Hace tiempo, cuando leí por primera vez un poema de Patricia Damiano, ya no recuerdo el nombre del poema ni las palabras, me quedó una imagen, la de un playa o quizá un paisaje árido mediterráneo. La arena estaba lisa, sin huellas de pisadas y al fondo a la derecha de la mirada una ruinas arqueológicas. Me impresionó entonces, cuando no era tan juicioso lector de poesía como lo soy ahora desde que seguí tus indicaciones para leer a Jacqueline Goldberg. Fue aquella lectura mi iniciación en escribir sobre poesía.

A los pocos días de llegar a FS leí La señora de los cinco perros. Voy a intentar el relato de la vivencia que tuve entonces. Durante meses he estado dando vueltas al extraño suceso de ese día. La lectura de La señora de los cinco perros efectuó sobre mí ese fenómeno denominado “déjà-vu”. Pero no era un déjà-vu como los pocos que había experimentado. Este déjà-vu estaba dentro del poema. Volví a leer el poema y recabé en la memoria la fuerte sensación, ya diluida. Ese ya-vivido no se refería a que yo estuviese frente al computador, en mi estudio con mi entorno. Fue una imagen sencilla y clara, una imagen dual, con interior y exterior simultáneos. El interior apareció como imagen visual, principalmente, el exterior como imagen cenestésica, subordinada a la anterior.
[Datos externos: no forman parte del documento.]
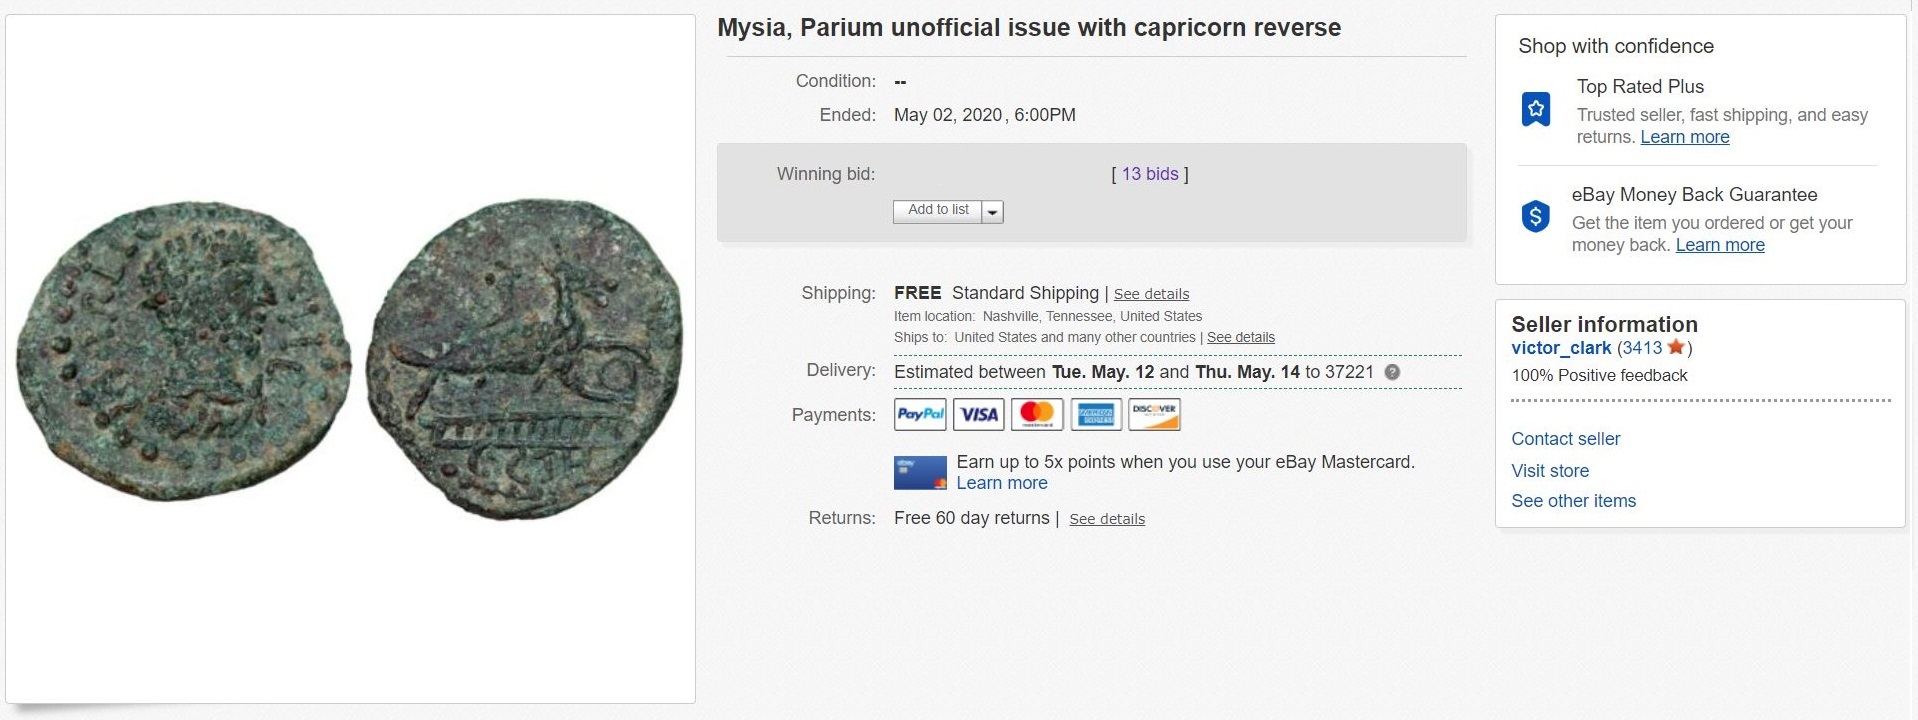 'Mysia, Parium unofficial issue with capricorn reverse I eBay' - www_ebay_com.jpg

La imagen primera es un salón cuyo campo visual se prolonga hasta una ventana cubierta con cortinas pesadas y traslúcidas. A mi derecha en un plano ligeramente picado, un asiento donde esta sentada una niña absorta. Una luz dorada emana del lugar donde se encuentra la niña, de una lámpara de pergamino quizá. Se perciben los artesonados del techo, la sensación de muebles es indeterminada. Solo la silla, un delicada silla doradas, de esas hechas con finas maderas torneadas (ahora no recuerdo el nombre de ese estilo). Sólo el resplandor y la niña sentada en ella.
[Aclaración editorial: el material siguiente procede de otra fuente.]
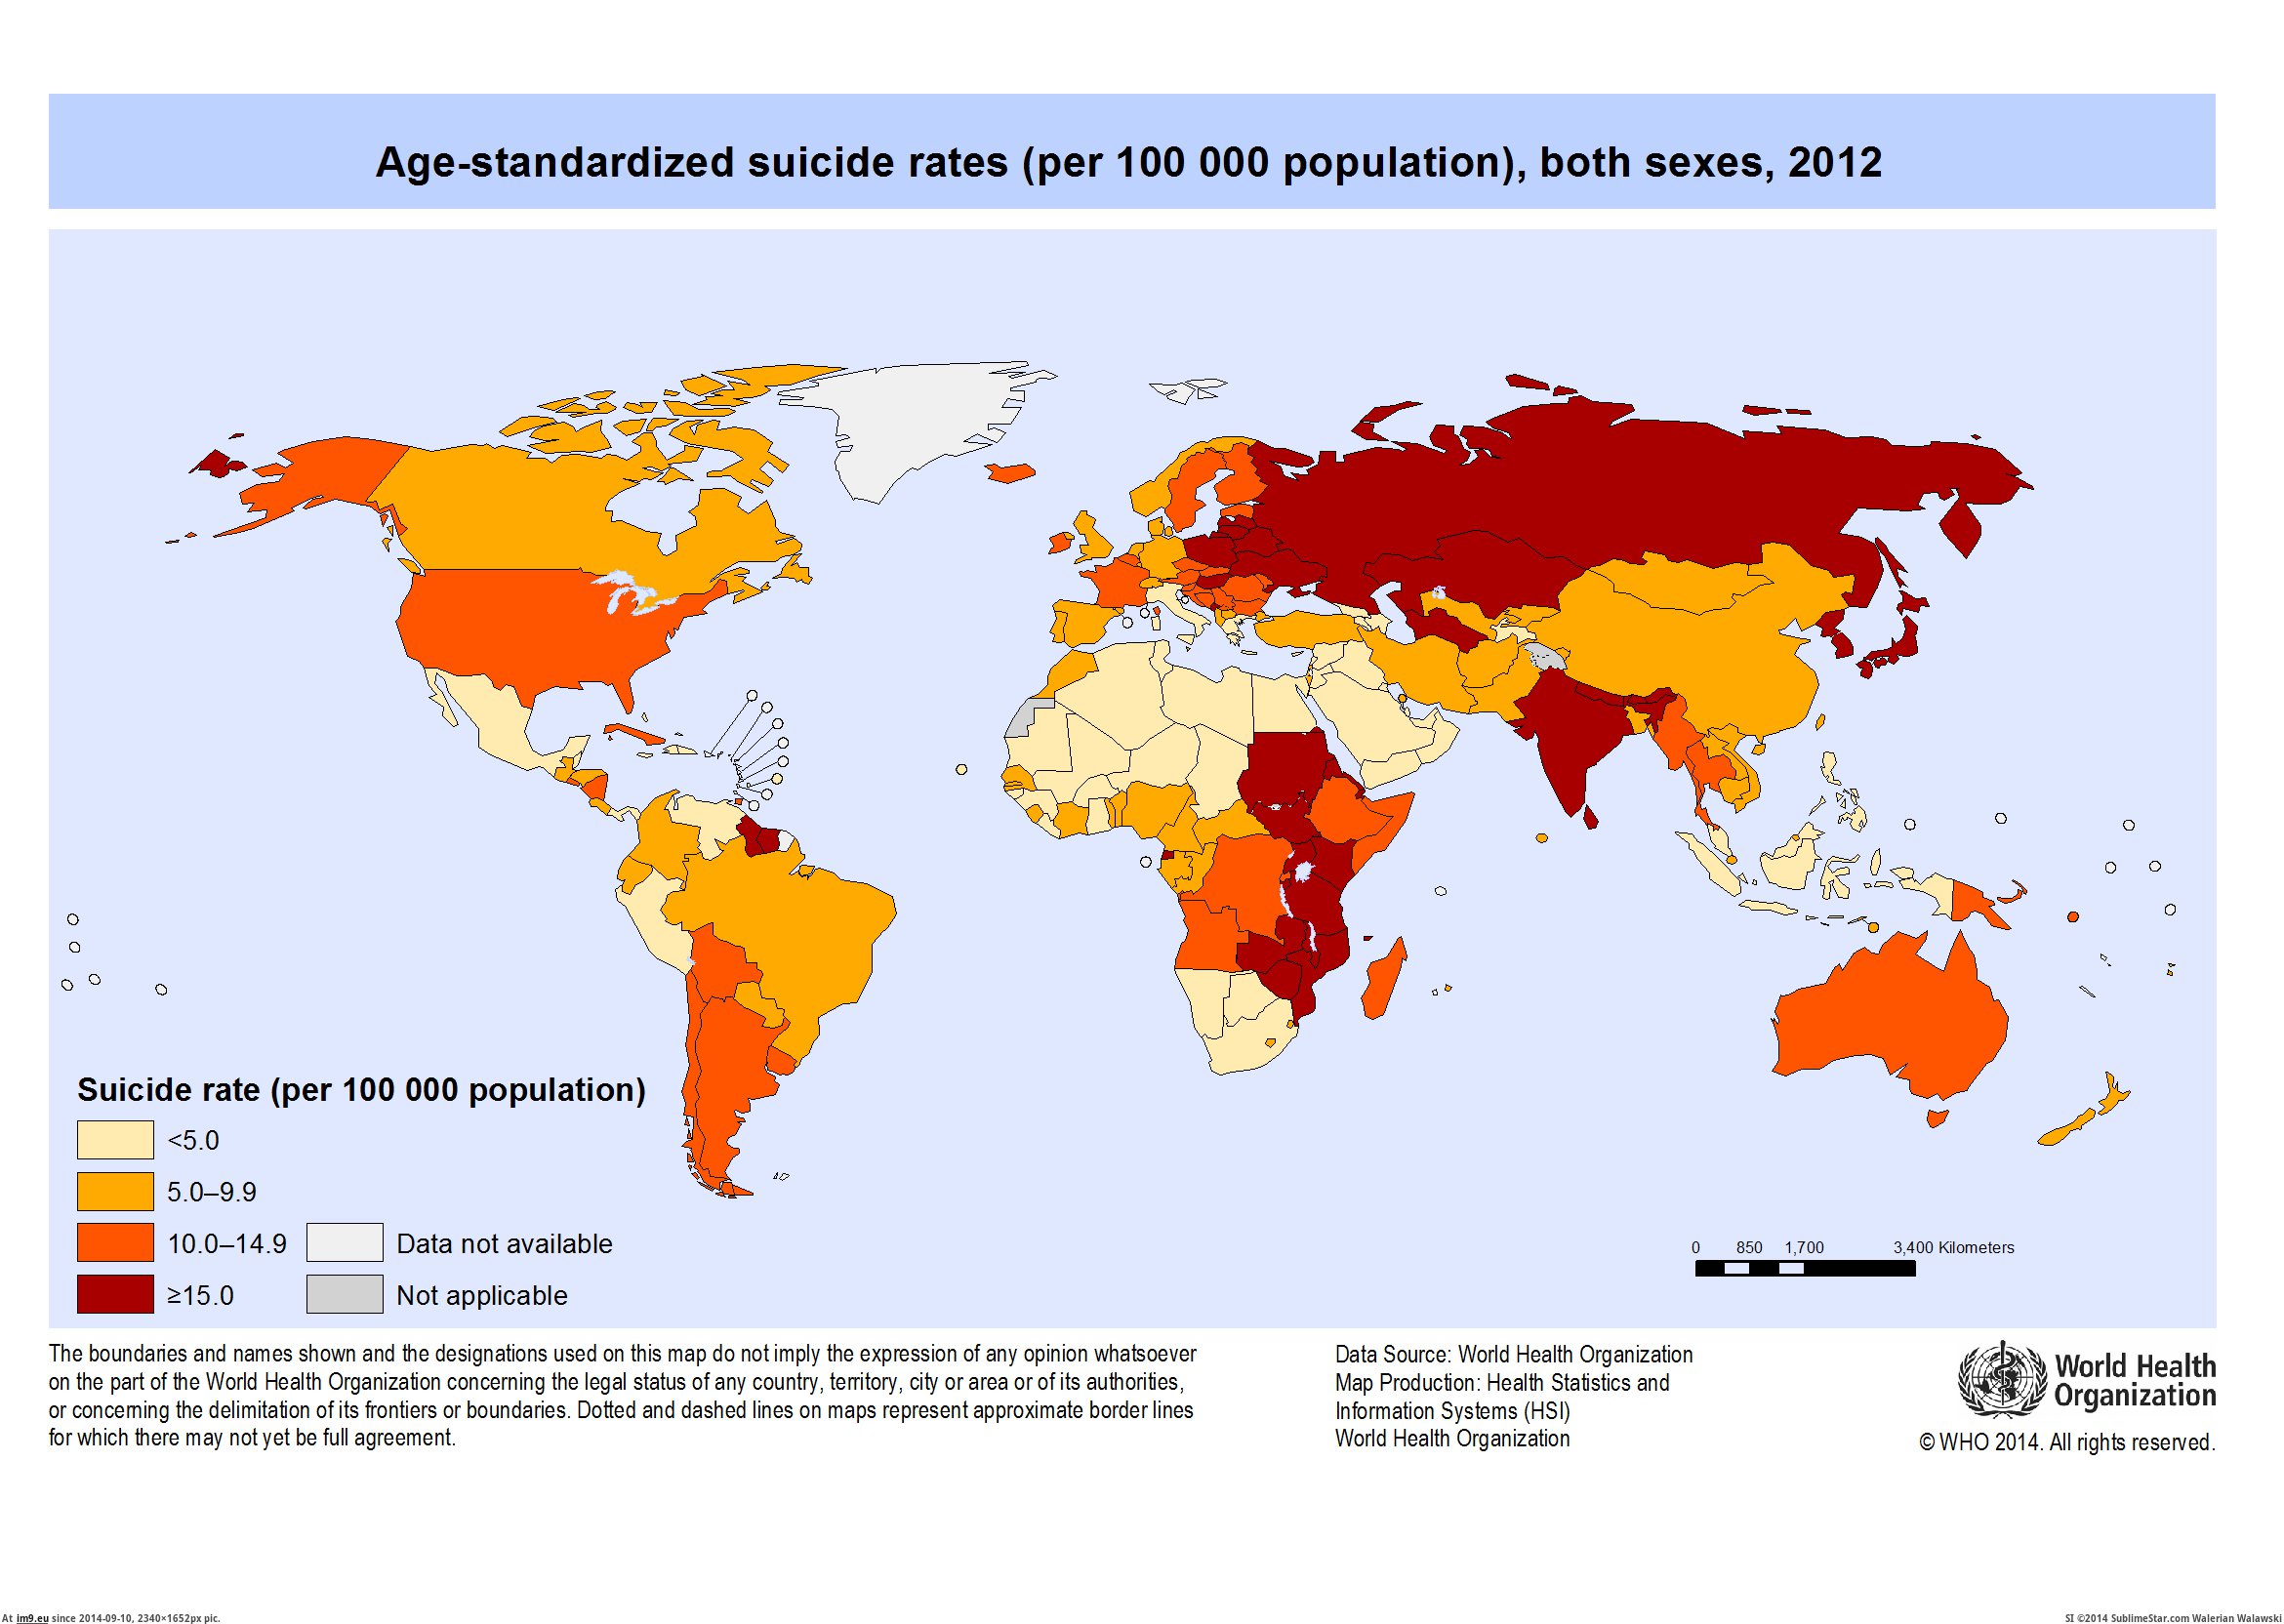 http://p.im9.eu/dataisbeautiful-global-suicide-rates.jpg

La otra imagen simultánea viene dada por la descripción de las casas que está en el poema. Esa imagen del exterior es un ambiente húmedo, como el que queda después de la lluvia, un entorno reverdecido y brillante, hiedra y postigos verdes en las fachadas indeterminadas... Lo curioso de este déjà-vu es que yo estaba allí como si ya hubiese estado allí antes.

Recordado, sin dar pie a imaginaciones posteriores –imposibles, porque la vivencia no las permitió nunca– me doy cuenta que la mirada provenía, más que de una personas que puede mover los ojos o la cabeza para completar el ángulo visual, la de unos ojos estáticos como si fueran los de un retrato colgado en la pared a la izquierda de la niña, una mirada de dos dimensiones, como suelen ser los ya-vividos, pero aquí cargada de una fuerte tensión cenestésica con el exterior húmedo y apacible, mientras en las sombras del salón se presiente un borbotar de sentimientos en el aire.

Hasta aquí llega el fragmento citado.